De son côté, le chef de file d'Horizons, Edouard Philippe, défend le statu quo, c'est-à-dire le scrutin majoritaire actuel, qui "impose un lien entre un député et les électeurs d'un territoire""S'il fallait aller vers la proportionnelle, alors je ne la soutiendrais que si était rétablie la possibilité de cumuler un mandat exécutif local et le mandat parlementaire", avait envisagé l'ex-Premier ministre dans un entretien accordé au Point en septembre dernier. Fondamentalement Edouard Philippe et ses troupes restent cependant clairement hostiles au changement de mode de scrutin. Cette semaine, au micro de LCP, le président du groupe "Horizons" à l'Assemblée, Paul Christophe a mis en garde contre une "métropolisation" du scrutin "au détriment des territoires ruraux".
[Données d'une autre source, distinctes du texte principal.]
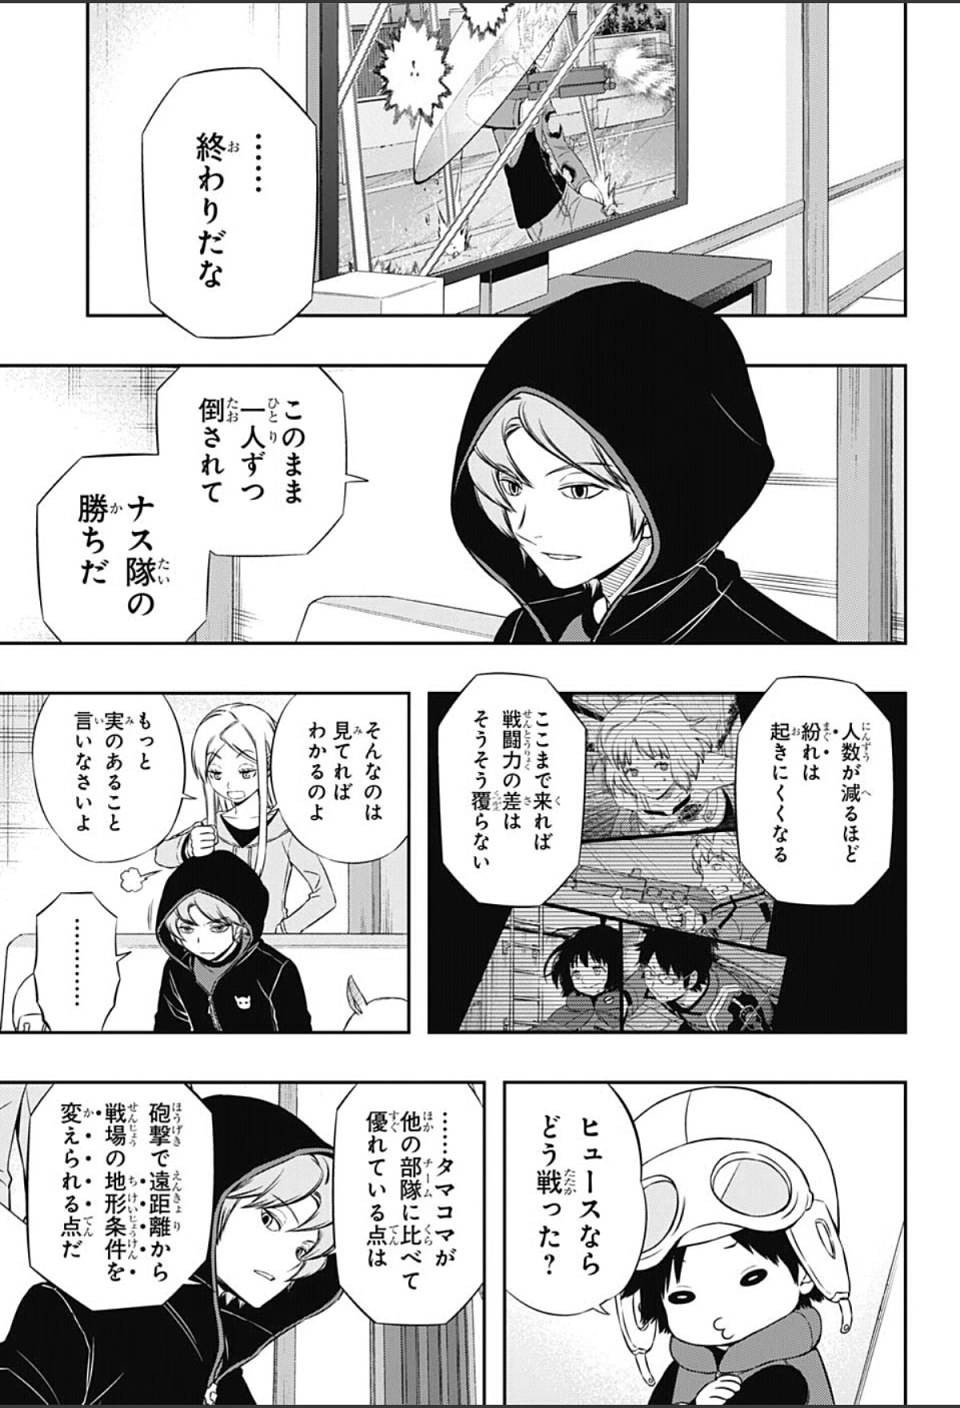 World Trigger - Chapter 102 - Page 5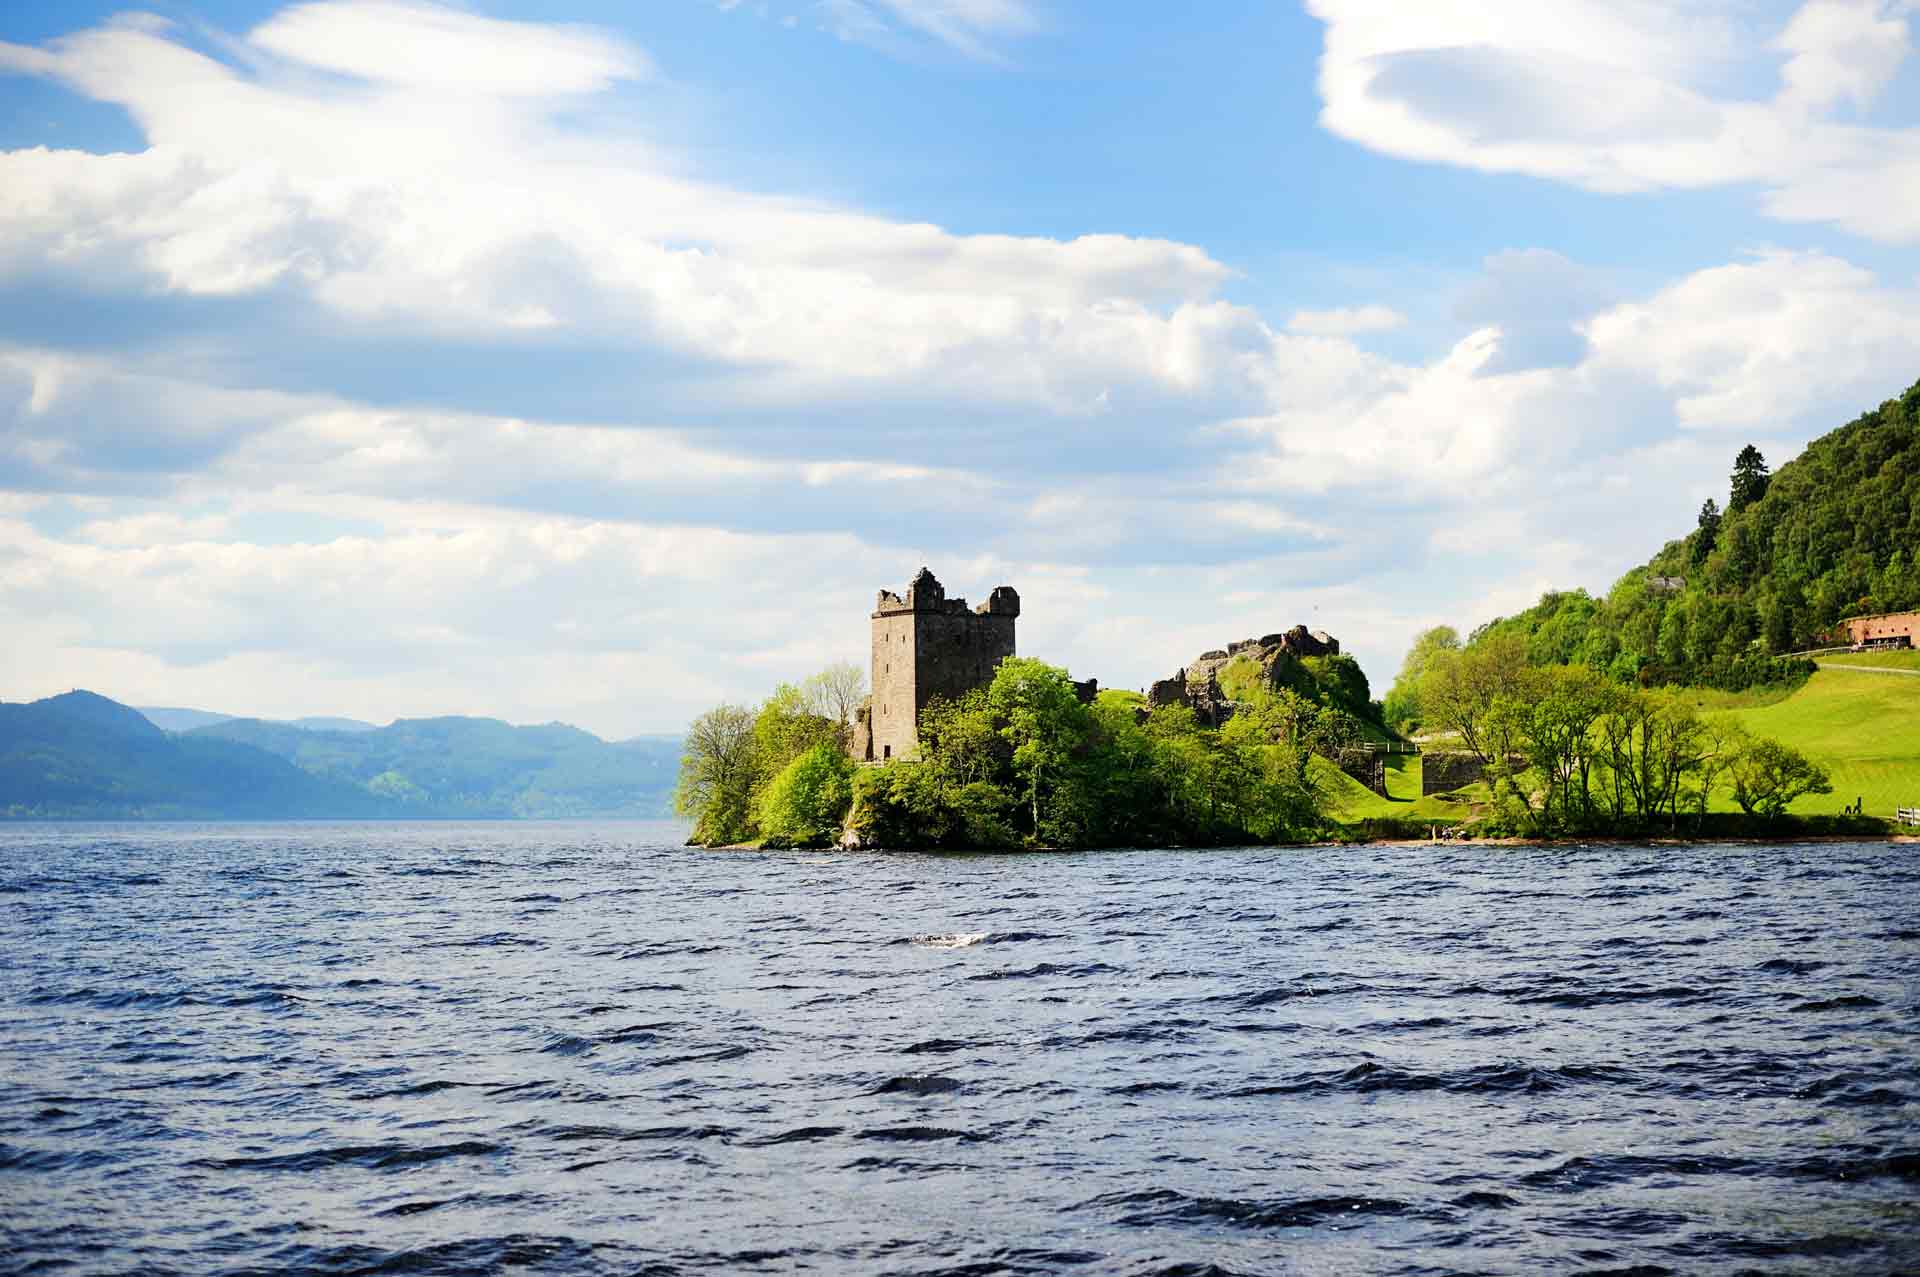 View of Urquhart Castle on the shores of Loch Ness

... Et ceux qui sont favorables à la proportionnelle

Outre le Rassemblement national et le MoDem de François Bayrou, les députés écologistes et insoumis sont favorables à un mode de scrutin proportionnel. "On est pour une proportionnelle régionale", a expliqué ce mercredi à LCP la présidente du groupe "Ecologiste et social", Cyrielle Chatelain, tout en précisant que des discussions sont en cours en interne sur une éventuelle proportionnelle avec des listes départementales le modèle qui aurait les faveurs de François Bayrou.

"Nous sommes favorables à un scrutin réellement proportionnel, pas avec une prime majoritaire de 50% et pas avec un échelon territorial si petit que cela déforme à la fin la nature proportionnelle" a, pour sa part, développé le député et coordinateur national de La France insoumise, Manuel Bompard, sur Public Sénat. Quant au Parti socialiste, il est traversé par des divisions et des nuances sur le sujet. L'ancien président de la République, François Hollande, est favorable à la proportionnelle, tandis que le premier secrétaire du PS, Olivier Faure, est contre à titre personnel. 

Le gouvernement souhaite pouvoir légiférer sur le mode de scrutin "avant la fin de la session parlementaire, si le débat est mûr", a affirmé sa porte-parole, Sophie Primas.